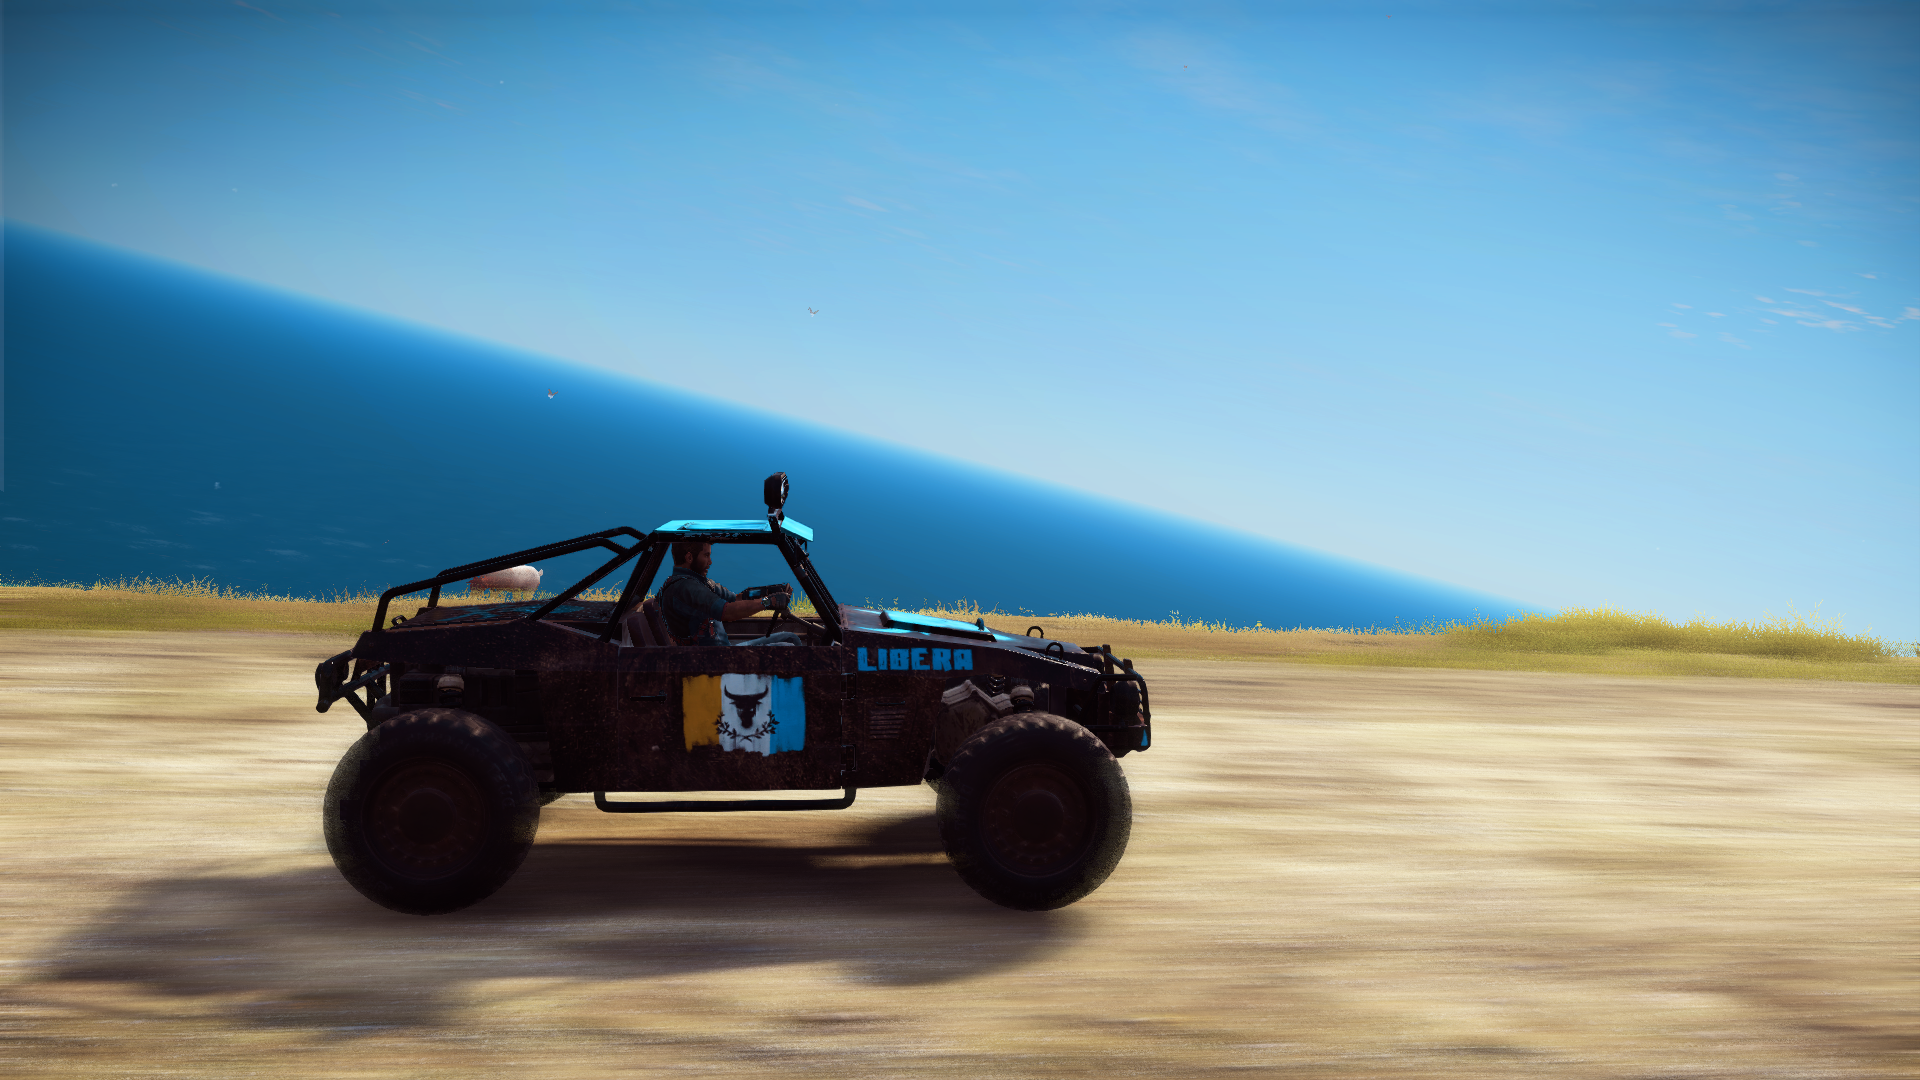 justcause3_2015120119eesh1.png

+ + + +

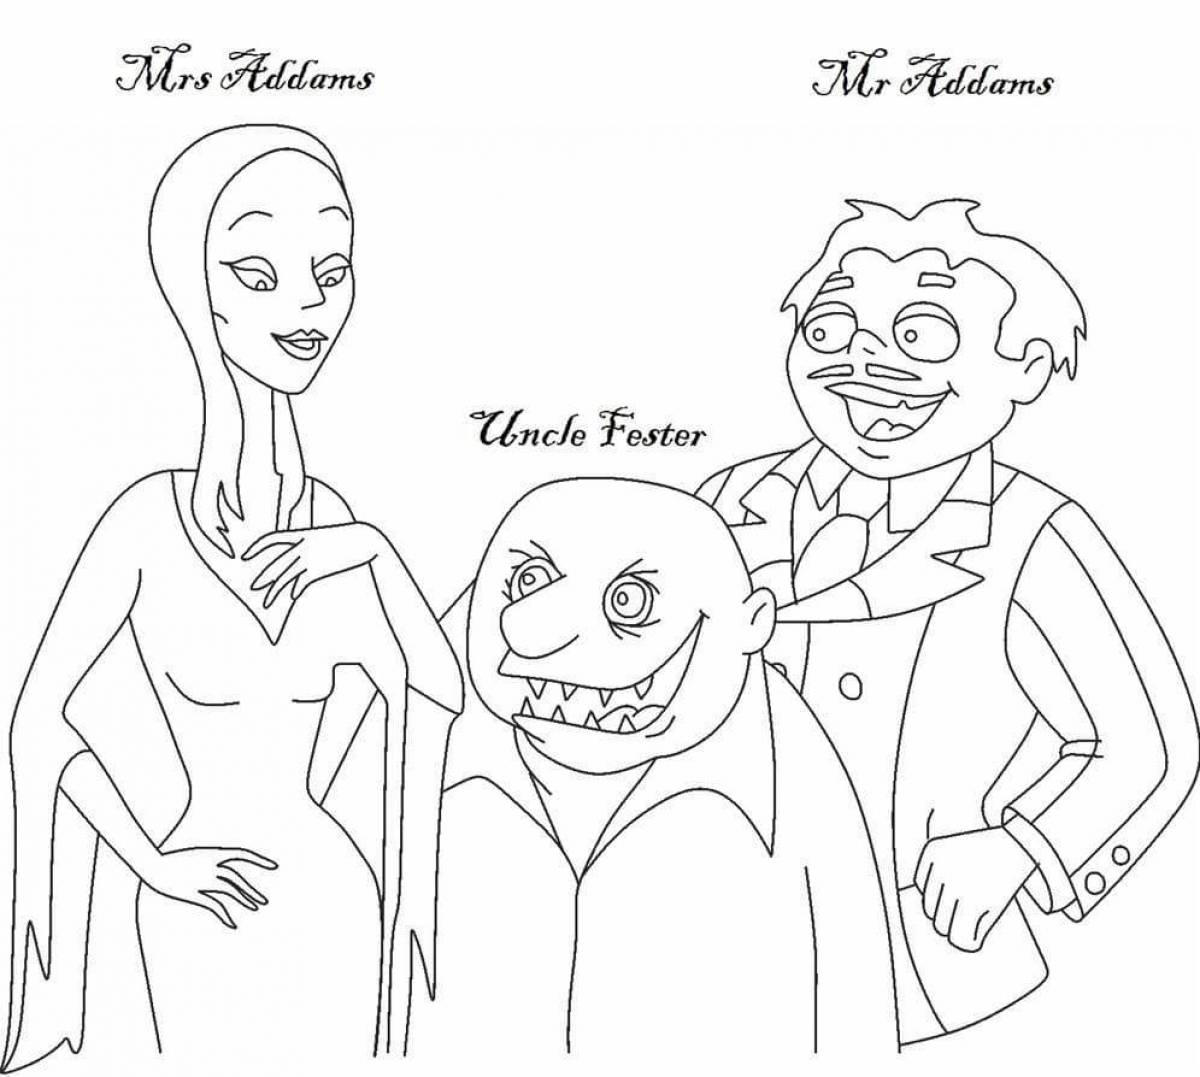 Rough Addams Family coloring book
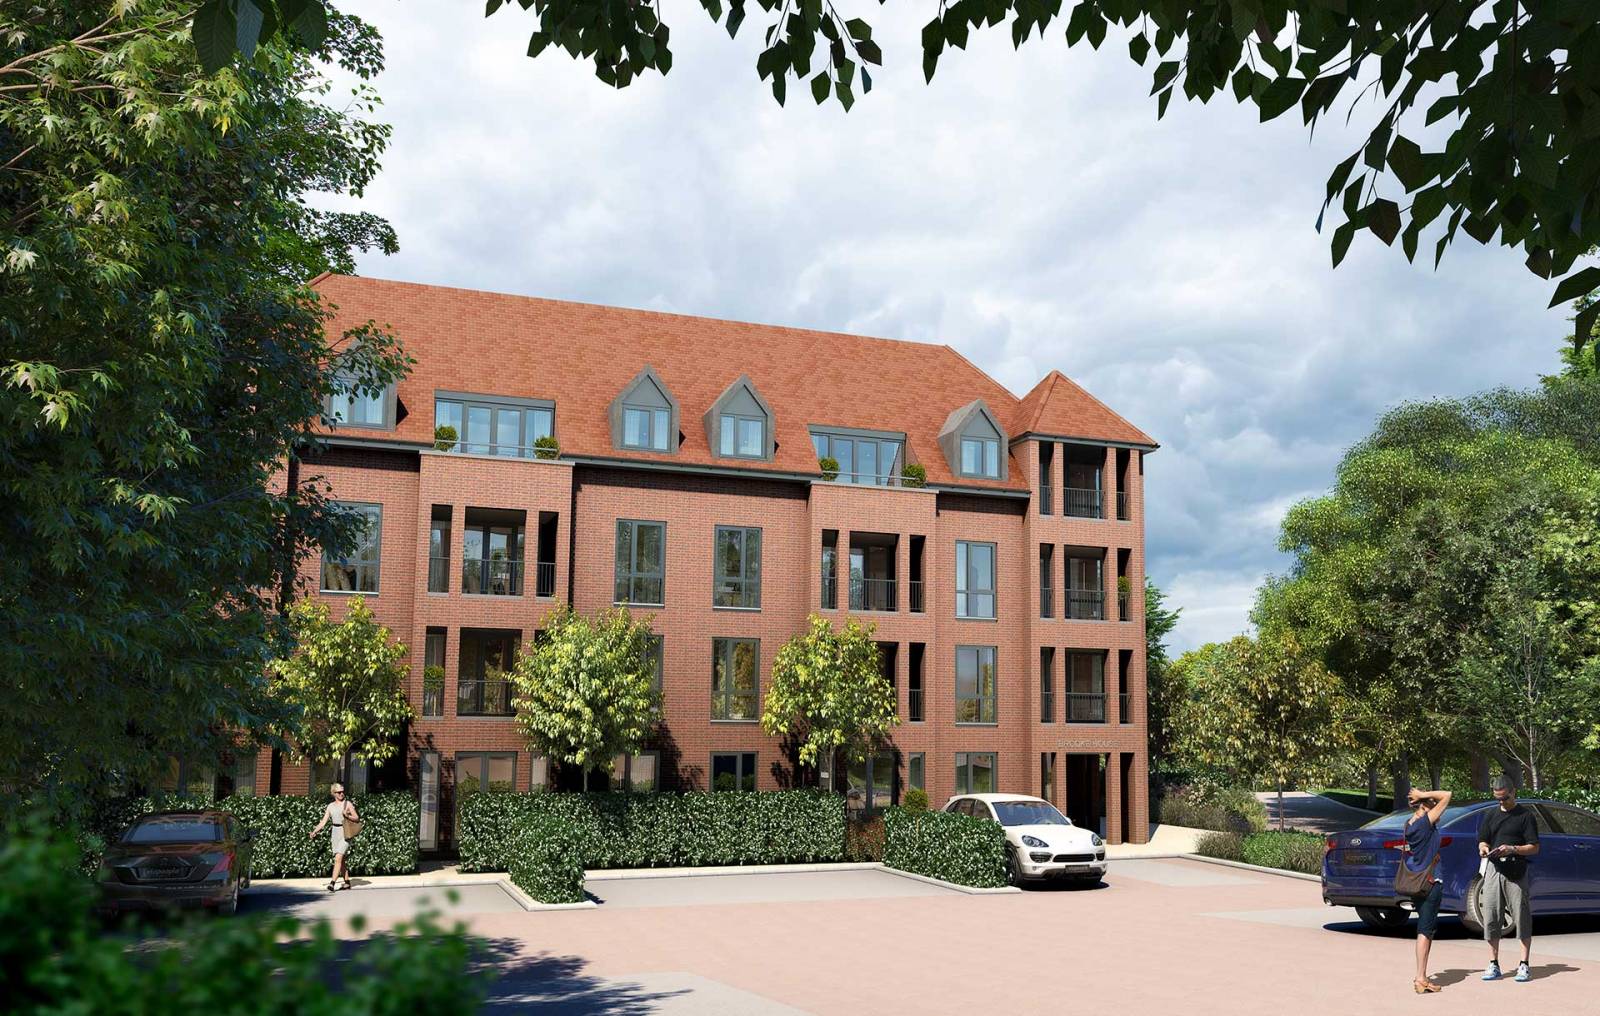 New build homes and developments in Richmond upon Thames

+ + + +

### YOUR INSTRUCTIONS
Copy only the lines above from the one containing "Rough Addams Family coloring book" through the one containing "New build homes", both included. Leave out the pictures.

### TASK RESPONSE
 Rough Addams Family coloring book
 New build homes and developments in Richmond upon Thames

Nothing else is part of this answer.